Who was Florence Nightingale?
Florence was born on 12 May 1820 in Firenze (Florence) to English parents, William and Fanny Nightingale. The wealthy couple were on an extended honeymoon tour of Europe and already had a one-year-old daughter, Parthenope, who had been born in Naples.
The parents had backgrounds in the Unitarian Church, a dissenting view of Christianity based on rational thought. Fanny’s father, William Smith, was a Member of Parliament for forty-six years who campaigned for the abolition of slave trade and the rights of religious dissenters. Fanny would also be a supporter of others in need as well as being very conscious of her status as a lady.

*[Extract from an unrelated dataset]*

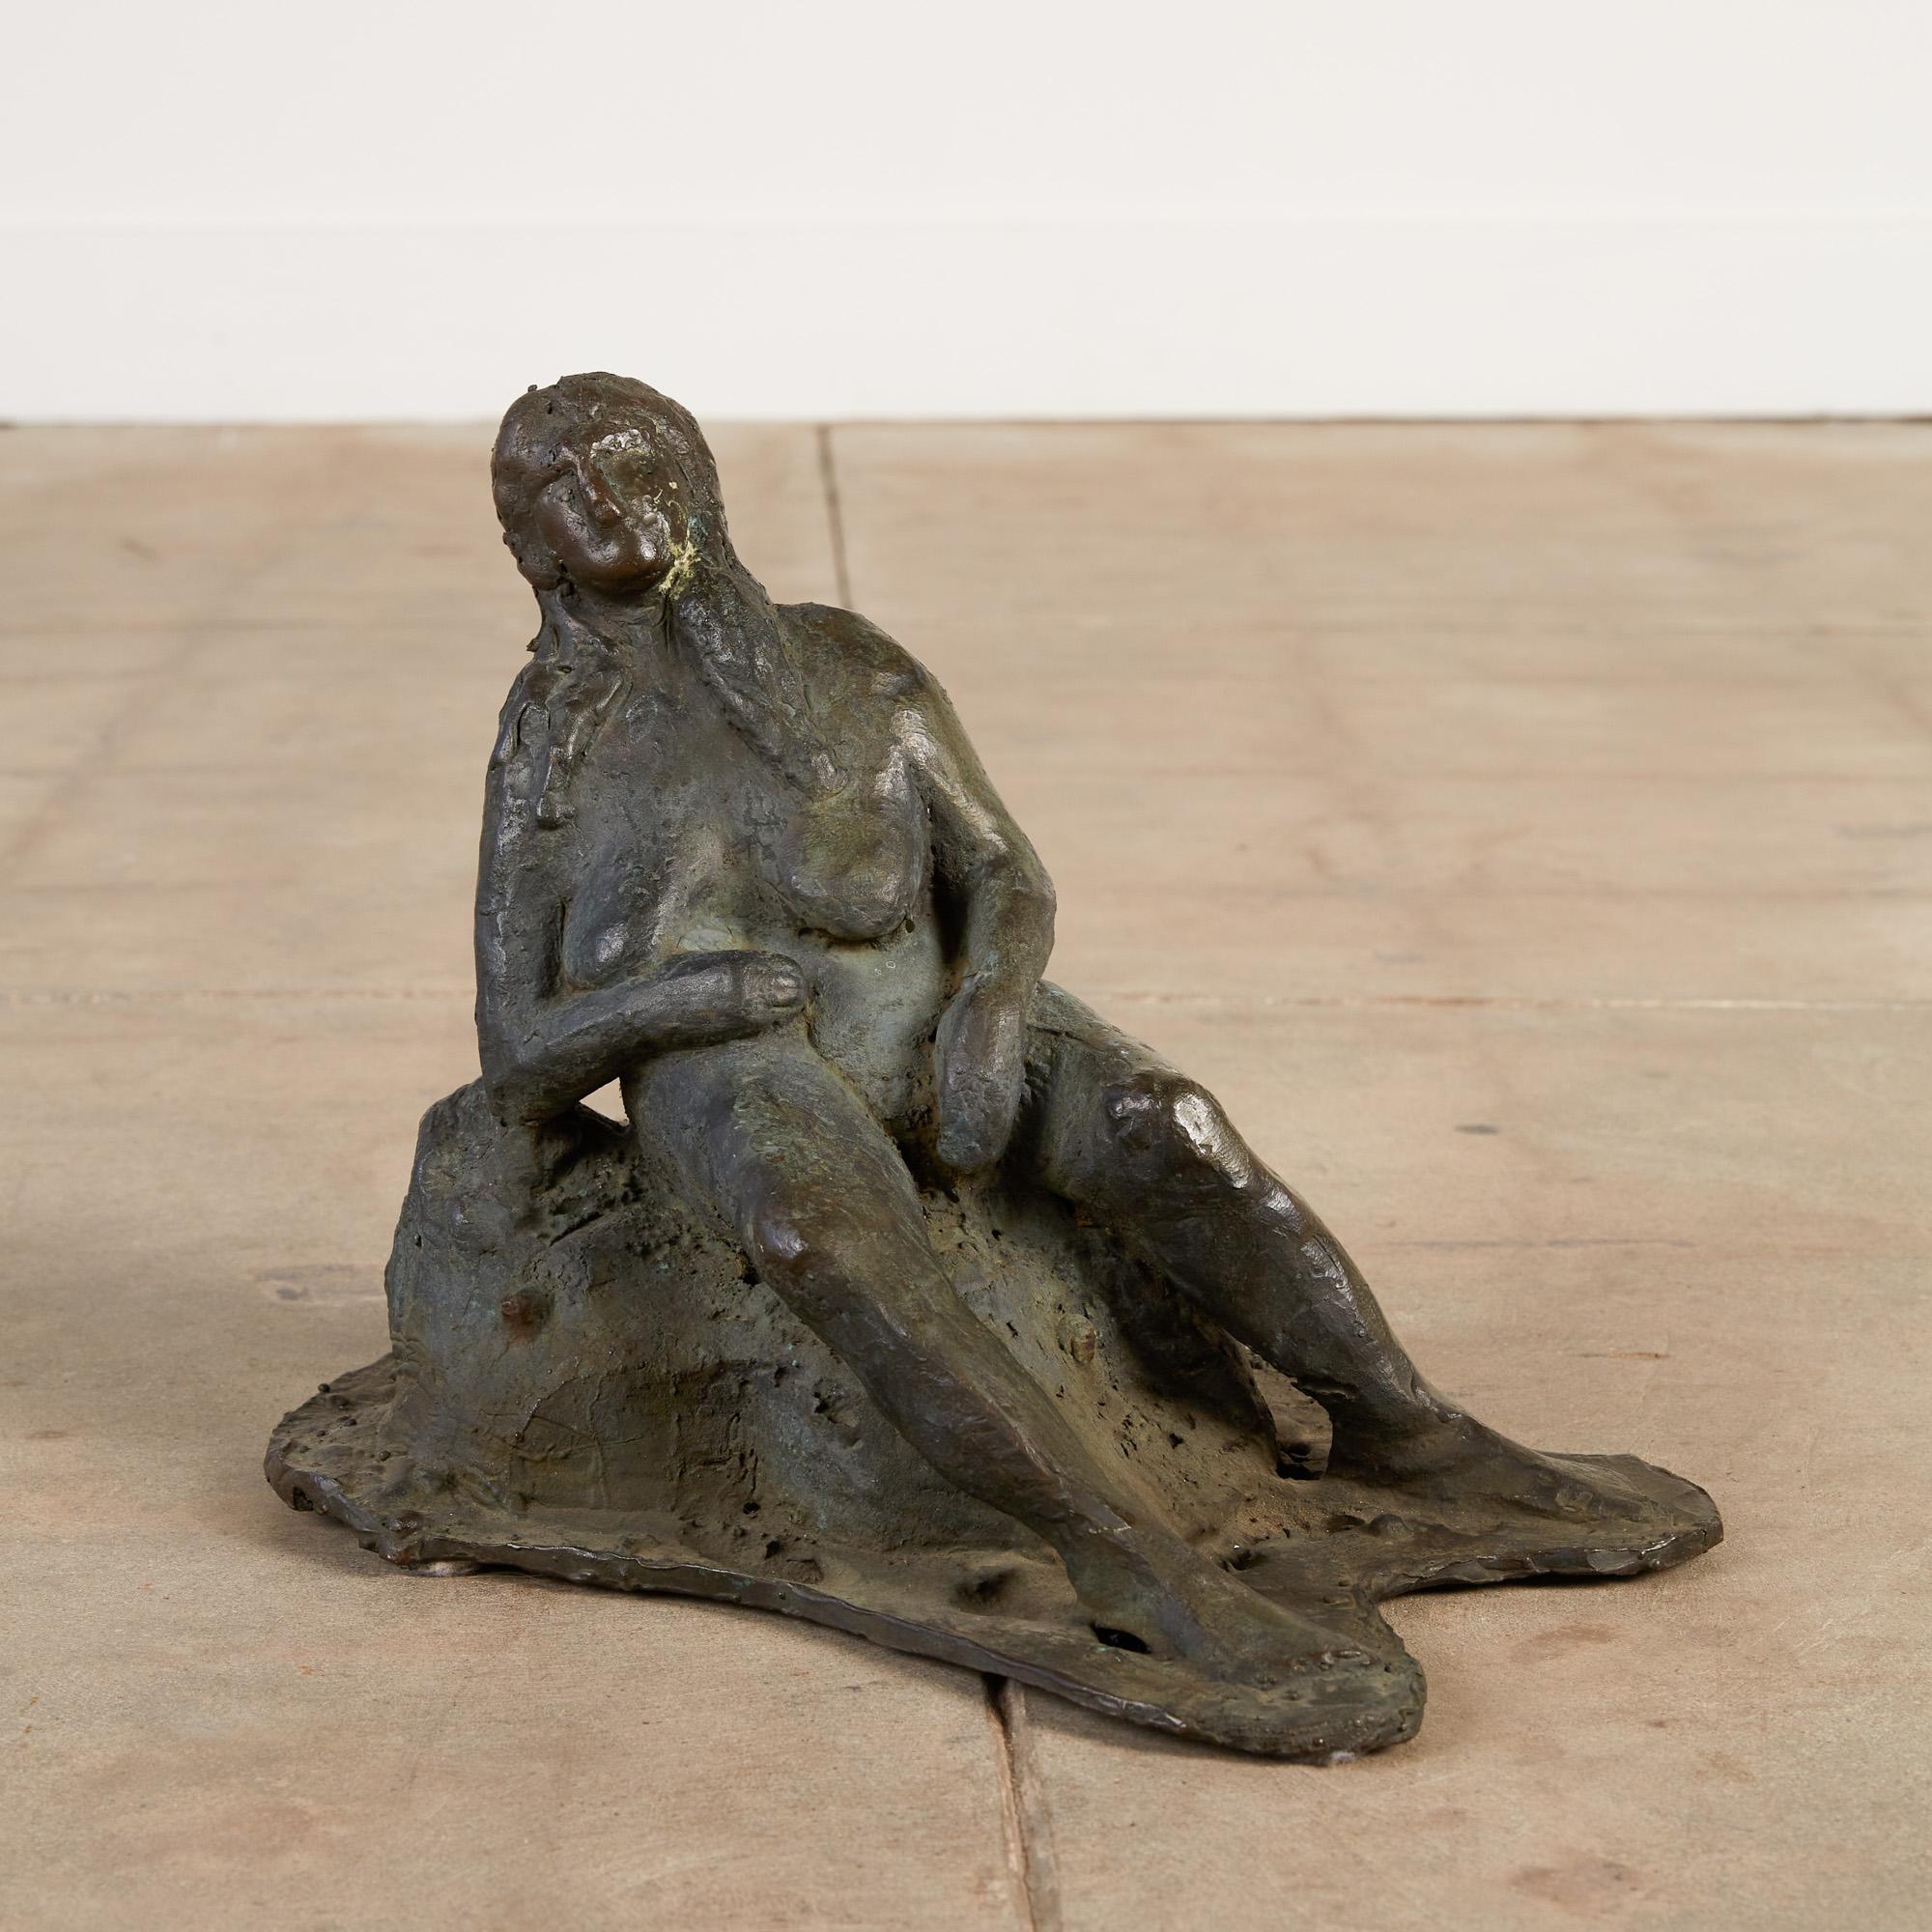 This cast bronze sculpture depicts a woman, captured in a moment after she just finished a swim at her favourite lake. She’s gazing upon the view, reclining on a rock as she air dries enough to be able to put her clothes back on and walk home in the

William, born William Edward Shore, inherited his fortune from his great-uncle, Peter Nightingale, with the condition that William change his name to Nightingale. Educated at the University of Cambridge, his inheritance meant he could live a leisurely life as a country gentleman with cultivated interests to explore. In fact, his major interests would be the design of the houses his family would need, and the education of his two daughters.
Upon returning from Europe in 1821, they stayed in was Lea Hall in Derbyshire which Peter Nightingale had owned while they made plans for a more suitable residence.

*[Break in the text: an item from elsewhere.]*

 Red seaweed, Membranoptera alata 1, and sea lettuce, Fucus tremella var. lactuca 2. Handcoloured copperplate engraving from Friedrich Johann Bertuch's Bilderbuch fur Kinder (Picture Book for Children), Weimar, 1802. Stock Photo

William then set about designing a new family home on the estate. Completed in 1825, Lea Hurst was a mansion of fifteen bedrooms set in a beautifully terraced garden with sweeping views of the countryside.

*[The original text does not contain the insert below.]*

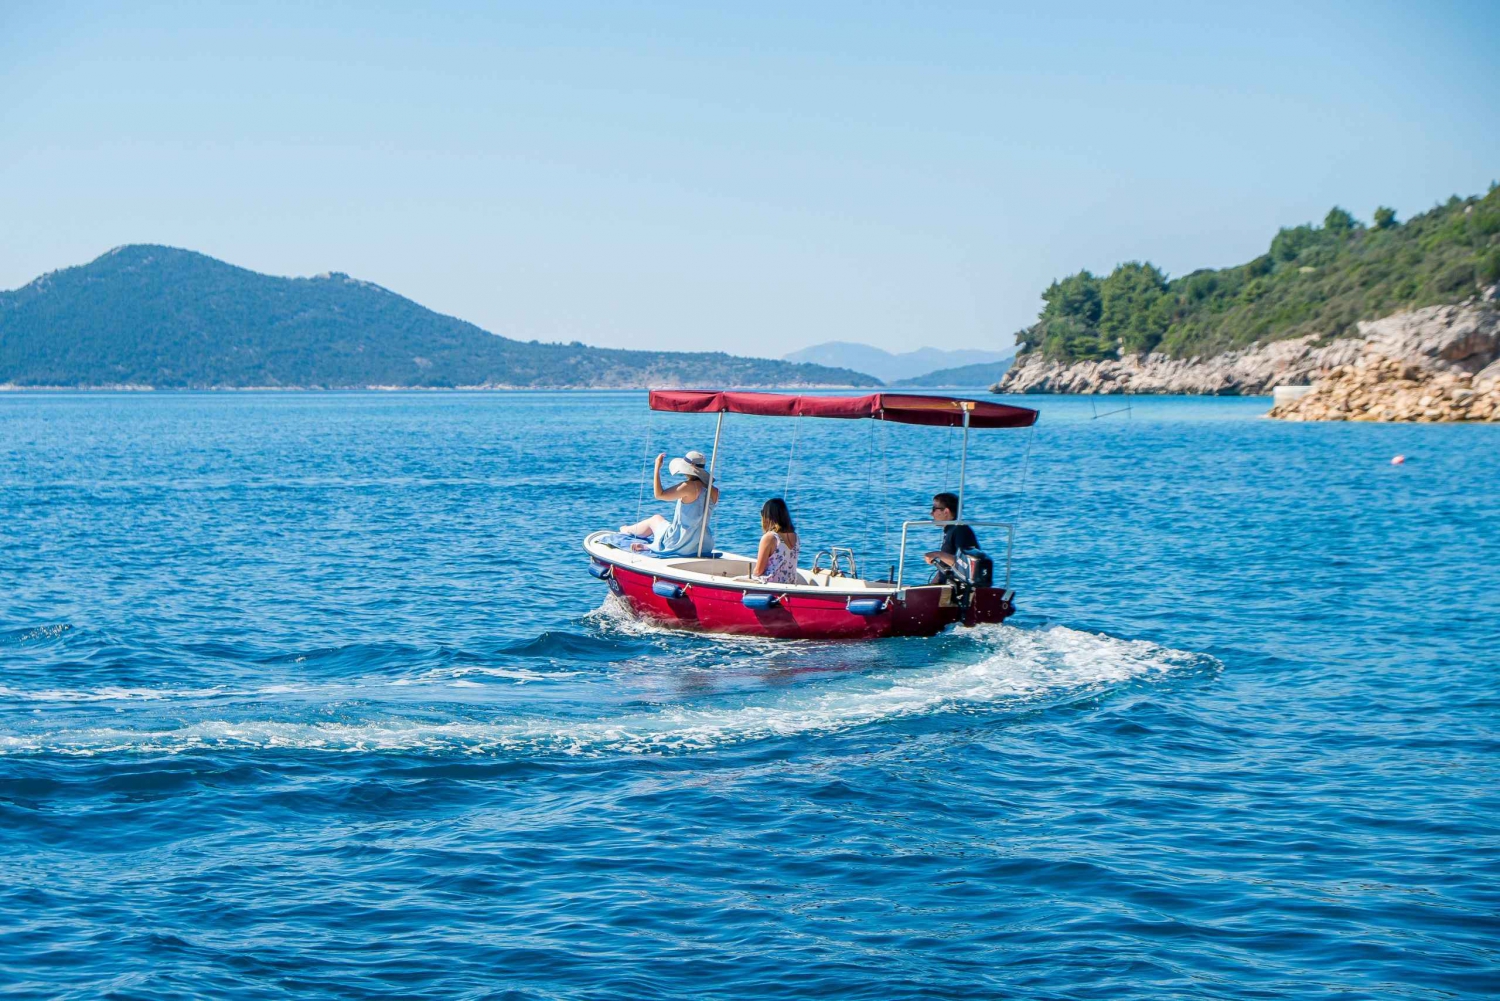 Rent a small boat without skipper - explore the islands

However this manor didn’t suit Fanny. It was too far away from the society people she wanted to entertain and was far too cold and desolate in winter. In 1825 William acquired Embley Park manor in Hampshire. Being on the south coast of England, close to London and with neighbours of high standing, it was the ideal home for Fanny to entertain while Lea Hurst remained their summer residence.
Florence Nightingale as a child
Initially a governess was hired for the girls’ education, later to be taken over by William. The curriculum included Greek, Latin, history, mathematics, modern languages and music. The two sisters had very different personalities and interests. While Florence excelled in languages and mathematics, Parthe’s strengths were in music and drawing. Florence was a talented, natural academic and grew very close to her father, whereas Parthe was closer to her mother.
Florence was a lifelong learner of a wide range of subjects. For example, she would distinguish herself later in life with her grasp of statistics, having studied the pioneering work of Adolphe Quetelet, the Belgian astronomer, mathematician, statistician and sociologist.
Having been born into a wealthy family, Florence’s destiny was mapped out for her by her parents. She would be expected to marry well and lead an elegant, comfortable life of social intercourse. She would volunteer her services to worthy causes but would never lower herself with paid work. Florence had different ideas which put her on a collision course with her family.
An inquisitive child, she was already showing an interest in family illnesses and sickness from an early age. She would observe more of this in her local village and later would help those in need.
A calling for a life of service
As Florence grew into her teenage years she began to sense a conflict between what was expected of a lady of her standing and her desire to do something useful with her life. The last thing she wanted to do was to spend her time in idle chit-chat in the drawing room.
Florence was raised in the Church of England. She had been baptised as an infant in Florence and attended chapel regularly as a child.
On 7 February 1837, the then 16-year-old believed she received a ‘call’ from God to a life of service. What form this service should take, she didn’t know. She was already spending time with the poor in the local village who were mostly the victims of vast social upheaval as the Industrial Revolution ran its course.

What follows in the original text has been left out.